O maior desafio em que conseguimos avançar pouco foi o desenvolvimento econômico. E, provavelmente, não houve sensibilidade de alguns atores políticos e da sociedade. 

A gente poderia ter articulado melhor esse processo da retomada do desenvolvimento econômico de São José. Eu tenho um diagnóstico, e tenho ainda, muito claro, de que São José precisa se radicalizar como uma cidade de serviços. Para isso ela precisa modernizar a legislação, mudar uma cultura, que é de predominância ainda muito industrial. Para fazer essa mudança, você precisa fazer um acordo, um pacto na sociedade e na vida política. Nós não conseguimos avançar nisso. Você veja na Lei de Zoneamento, fizemos algumas mudanças pontuais no início do governo, que tiveram algum efeito na economia, mas a mudança maior nós não conseguimos fazer.  A forma como foi recebido o WTC ...
Acho que acho que a gente poderia ter dialogado melhor com essas forças (empresários e políticos), mas principalmente com a sociedade.

Onde esse diálogo falhou?

Nós dialogamos, mas, talvez, não tenhamos conseguido sensibilizar as pessoas.
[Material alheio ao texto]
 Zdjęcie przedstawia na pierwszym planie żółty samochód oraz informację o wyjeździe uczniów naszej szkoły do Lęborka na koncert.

Mas isso está ligado também a esse momento político que a gente viveu. Agora, acho que nós avançamos bastante no sentido de construir uma cidade mais inclusiva, com investimentos na Educação e na Saúde, com bons investimentos na Habitação e regularização.

Você disse que não quer fazer oposição. Agora, como o cidadão Carlinhos avalia essa largada do governo Felício Ramuth?

Eu já te disse, como cidadão, que você tem que ter uma visão de continuidade administrativa. Você fechar um parque como o Alberto Simões, você parar um projeto como a Estação Ciência, não é bom. Essa não foi uma diretriz minha ...

(Vocês querem mais um café? pergunta a garçonete)

Até porque, se você pega o Parque Tecnológico e o Vicentina, como disse, nos investimentos nesses projetos. O Parque Tecnológico era um loteamento irregular. Nós regularizamos, nos construímos novos espaços lá dentro, o Centro Empresarial, fizemos os editais necessários. No Vicentina Aranha, os prédios restaurados lá foram restaurados na nossa gestão. Mas isso, como eu disse, é a única coisa que eu vou falar sobre a atual gestão. Eu acho que esse não é um bom caminho.

Voltando para a eleição de 2016, a candidatura de Felício Ramuth foi menosprezada pelo PT? Teve gente do PT que comemorou a indicação dele como candidato contra você ...

De jeito nenhum. A gente sabia da força que o PSDB tem em São José. Recorde-se que eu venci as eleições, em primeiro turno, é fato, mas com quase 51% dos votos válidos e meu adversário (Alexandre Blanco), que teve um bom desempenho na campanha, teve 43% dos votos. O PSDB tem uma força na cidade, tem lideranças como Emanuel e Cury, que tem força. Eu nunca subestimei.

Você esperava tamanho desmonte de seu governo?

Não esperava não. Isso eu não esperava. Algumas coisas é natural que se mude em uma nova visão de mundo, uma nova visão de cidadão. Mas, por exemplo, o programa Escola Interativa não tem nada de ofensivo ideologicamente aos tucanos. A necessidade de formar bem as crianças para o mundo da tecnologia não tem ideologia. A Coréia investe pesado na Educação e Cuba investe pesado na Educação.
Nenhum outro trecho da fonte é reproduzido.